The Wordsworth exhibition not only highlighted The Huntington’s important literary holdings but underscored their continuing relevance to scholars and the general public. When asked what college students in 1970 thought of the poet and his work, Paul Zall, professor of English at California State University, Los Angeles, summarized his students’ responses: “Wordsworth’s is a poetry of protest, prophecy, and affirmation. Young people are tuned to his pioneering protests against pollution, war, hunger, population explosion, and urban sprawl. They share his yearning for some rural retreat away from it all where ‘the world is too much with us.’ His muted tones sing of community, of love, of peace and permanence. His poems evoke a quality of experience needed as never before.”

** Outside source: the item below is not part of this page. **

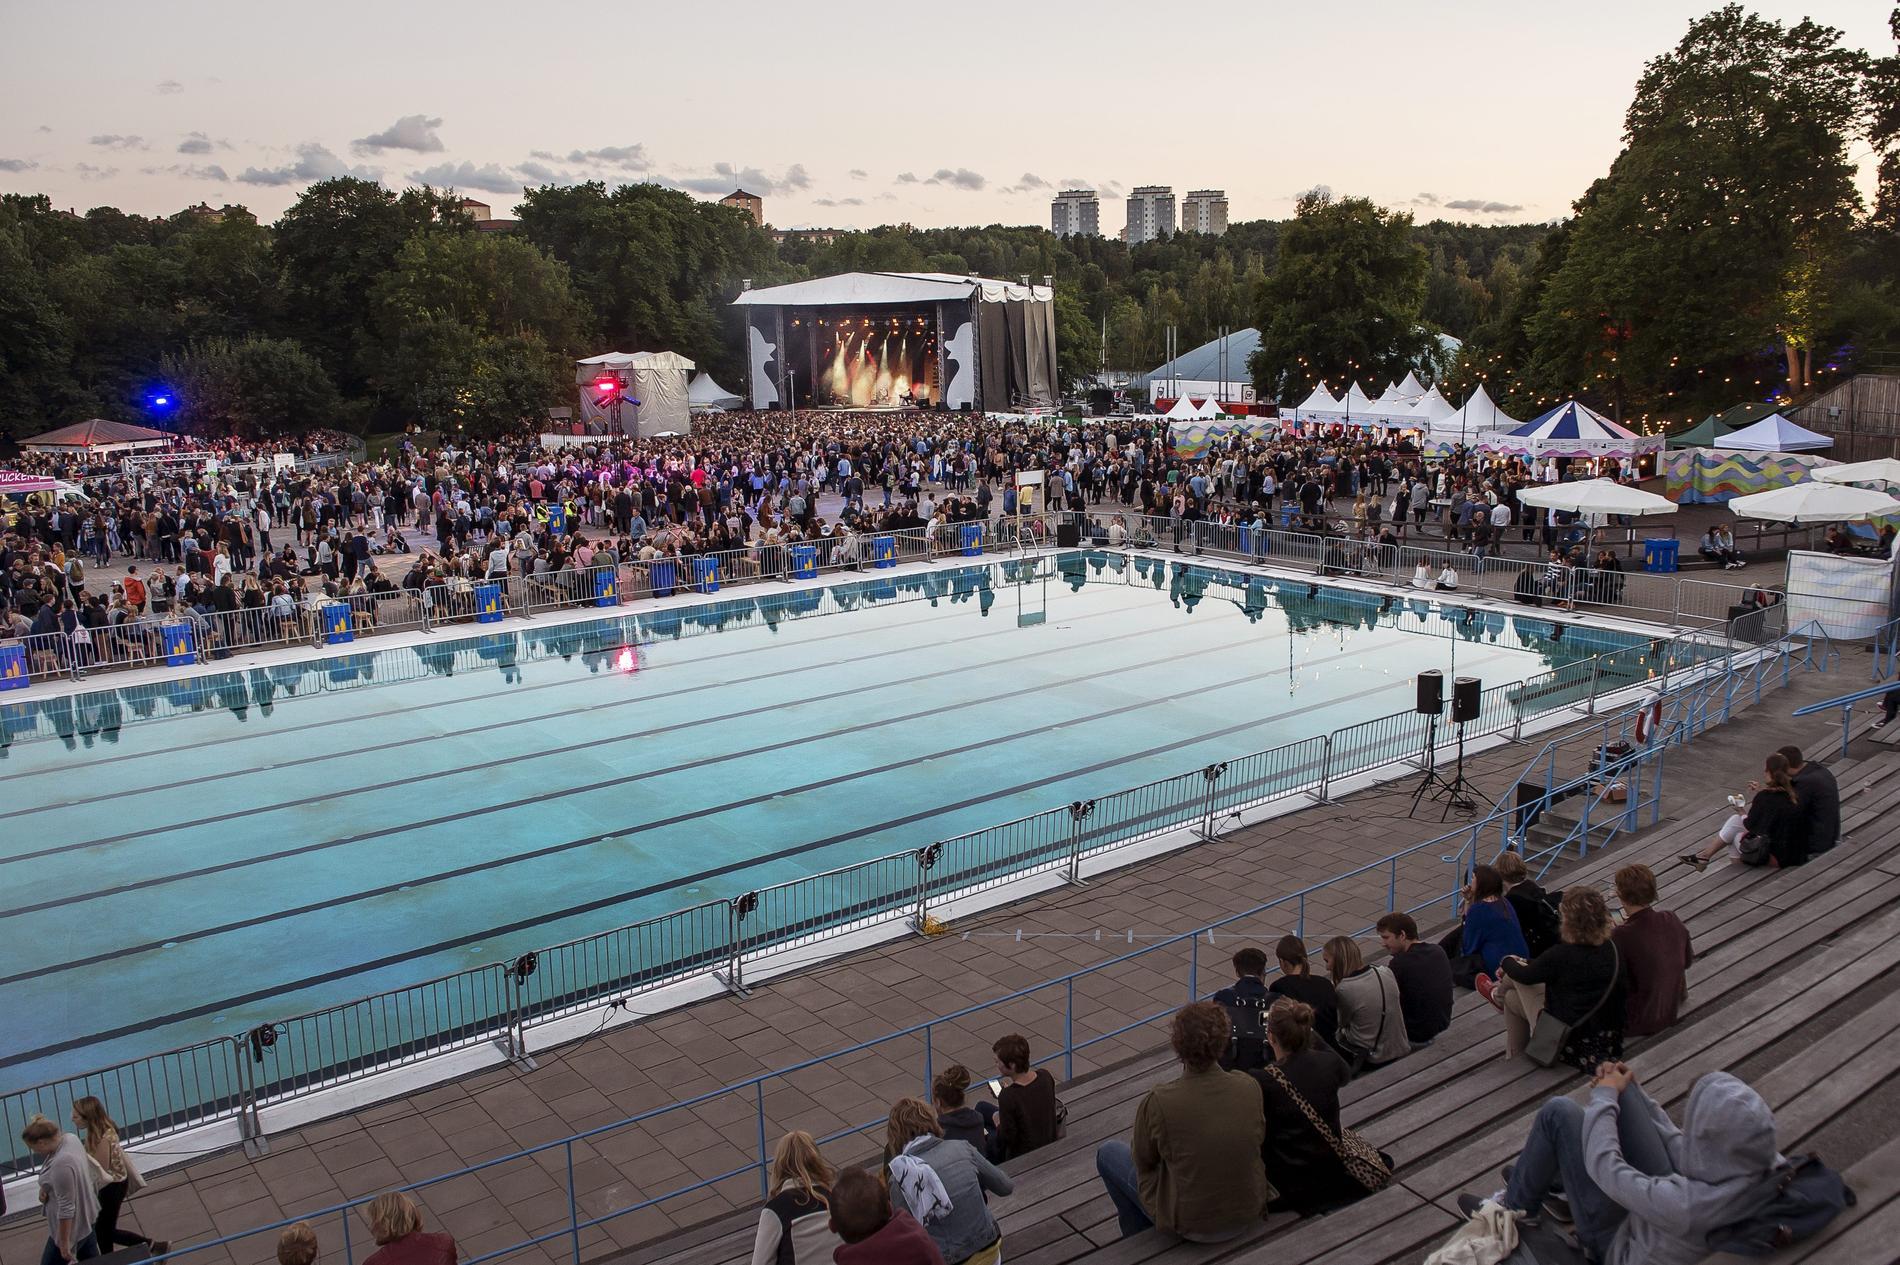 Bland annat festivalen Popaganda har arrangerats på Eriksdalsbadet.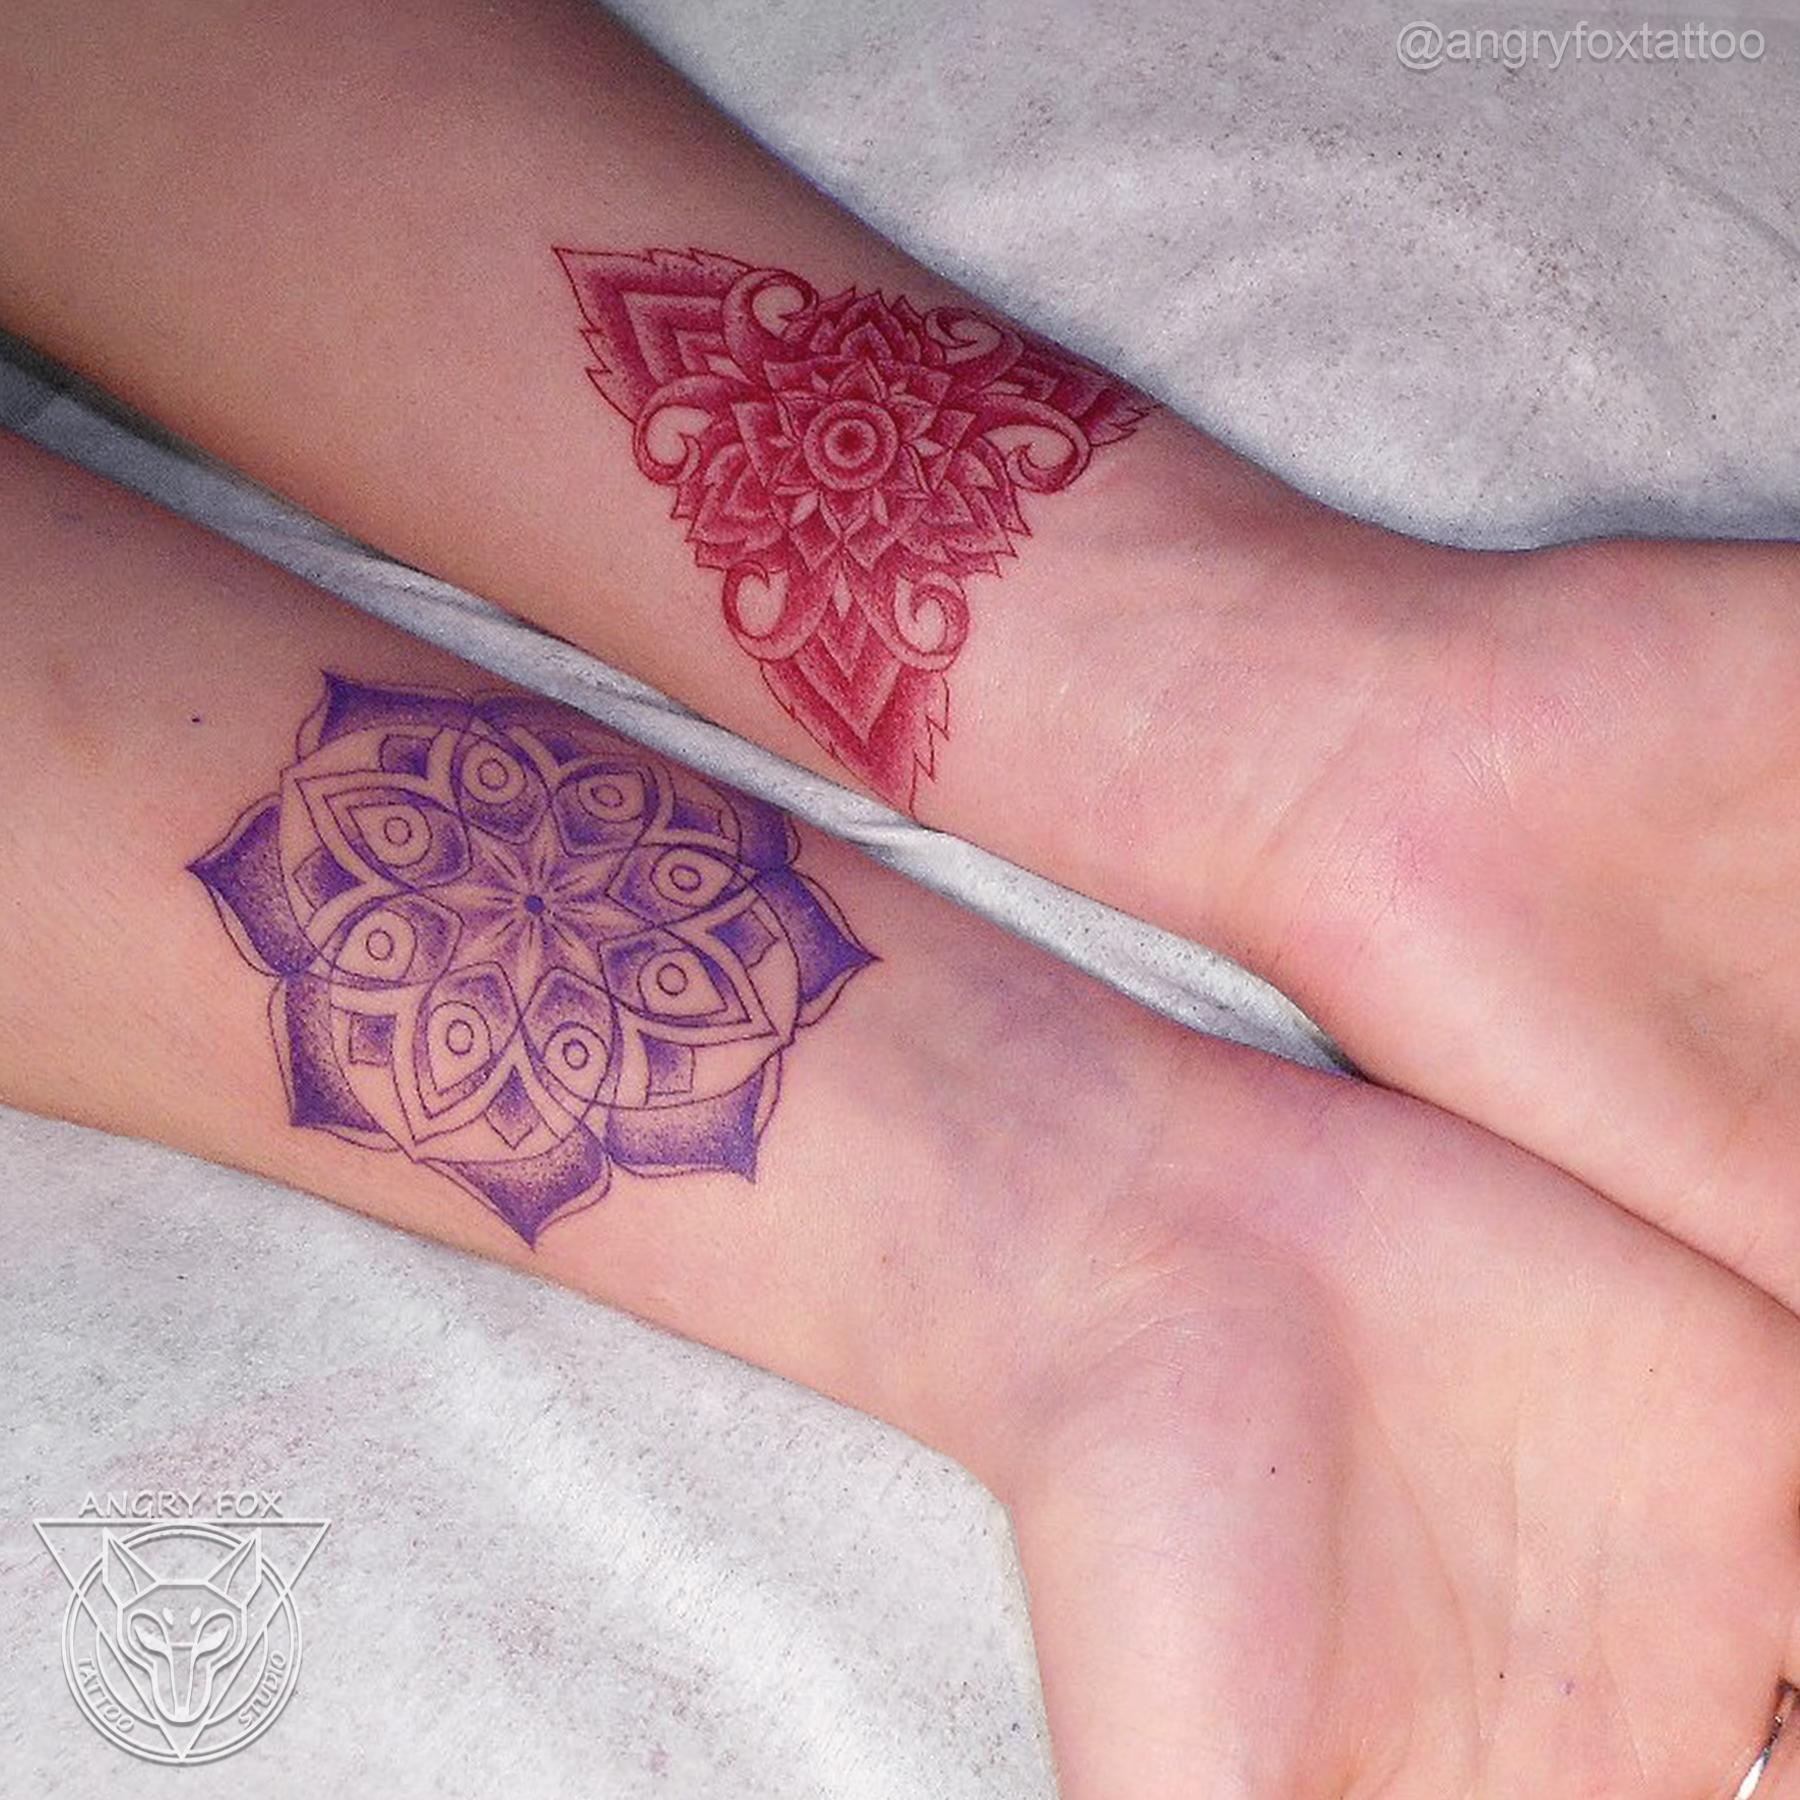 татуировка, тату, графика, контур, орнамент, рука, предплечье, запястье, девушка

Wordsworth on Helvellyn by Benjamin Robert Heydon, 1842. (The original painting is in the National Portrait Gallery, London.) The bicentennial of Wordsworth’s birth was the focus of a major Library exhibition in the spring of 1970.
For many scholars, The Huntington itself was a retreat in 1970 from a “world too much with us.” The October/November issue of the Calendar included an essay that recounted how university professors, arriving at the Library to conduct research, were often still reeling from the chaos on their own campuses. One scholar wrote of his time at The Huntington: “What a wonderful way of refreshing the mind and mending the soul after the long months of turmoil.”
The world has changed since 1970, but some things remain the same—even after 50 years.
Lisa Blackburn is senior editor and special projects manager in the Office of Communications and Marketing at The Huntington. She has been the editor of Calendar since 2001.